Crop circles in Germany were discovered by a balloonist last week and the news has quickly spread online. Christoph Huttner, who owns the field, insists he didn’t create the circles himself. The Bavarian farm renews a new mystery as thousands travel to the field to explore the ornate design.
Huttner believes students on summer break may have created the 246-foot image in his field by flattening the wheat crop. However, that didn’t stop thousands of visitors to come sing, dance and even swing pendulums in the giant image. Huttner says he’s not yet sure whether he will leave the circles in his field.
While crop circles in Germany have been part of supernatural lore since the 1970s, scientists say they are often made by man. UFO enthusiasts say that the extraterrestrials have arrived by giving signs in the field. Some of them believe there’s no way humans could have created the work of art.
“This is a technology which we haven’t mastered yet,” one visitor told The Local. “They want to show us - we are here, we love you.”
On July 14, a 400-foot crop circle appeared overnight in Dorset, England. A Russian sunflower field was the next site of crop circle, which appeared on July 17. Theories about the origins of crop circles have ranged from aliens, hedgehogs, unusual wind patterns, and invisible energy fields since they first appeared in England in the 1970s. Most people believe they are just a hoax.
Crop circles are also referred to as crop formations because they are not always circular in shape. The documented cases have substantially increased over time, and many self-styled experts alleged an alien origin. However, in 1991, two hoaxers, Bower and Chorley, claimed authorship of many circles throughout England, after one of their circles was certified as impossible to be made by a man by a notable circle investigator in front of journalists.

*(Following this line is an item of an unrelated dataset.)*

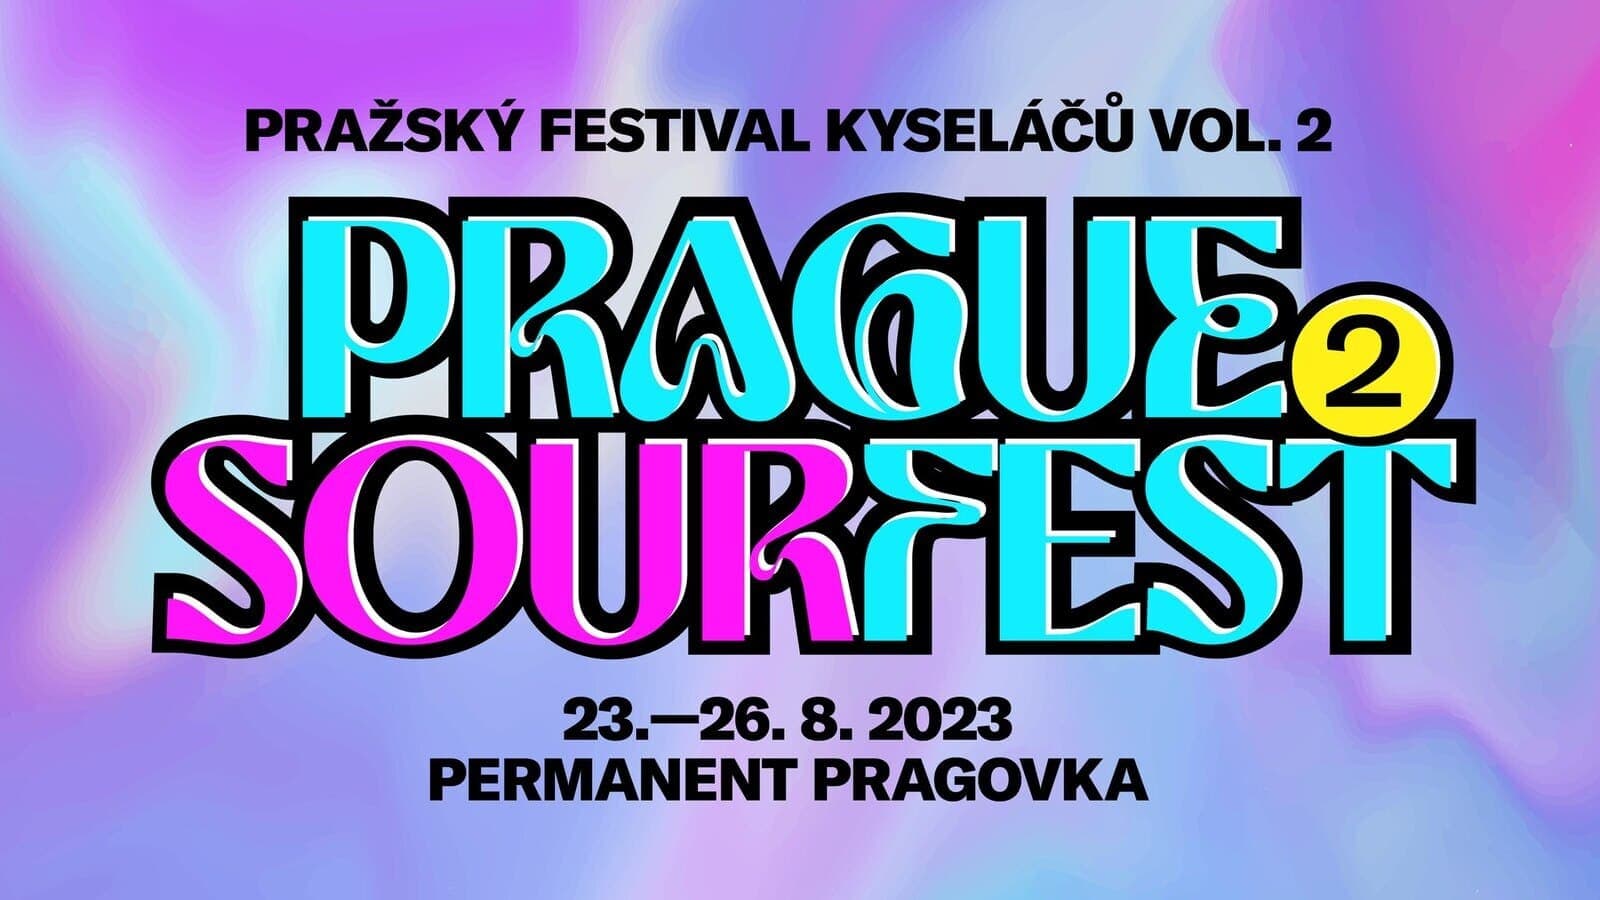 С 23 по 26 августа в Праге пройдет фестиваль кислого пива Pražský festival kyseláčů

Circles in Europe are not spread randomly across the landscape, but they appear near roads, areas of medium to dense population, and cultural heritage monuments, such as Stonehenge or Avebury, and always in areas of easy access. Archeological remains can cause cropmarks in the fields in the shapes of circles and squares, but they do not appear overnight, and they are always in the same places every year. The scientific consensus is that most or all crop circles are man-made, with a few possible exceptions due to meteorological or other natural phenomena.
These crop circles in Germany are well-formed, but with a common pattern that’s been seen in previous years. There’s no way to prove who made them, but the alien message isn’t quite clear. If aliens made these circles to communicate, they probably are smart enough to write our language.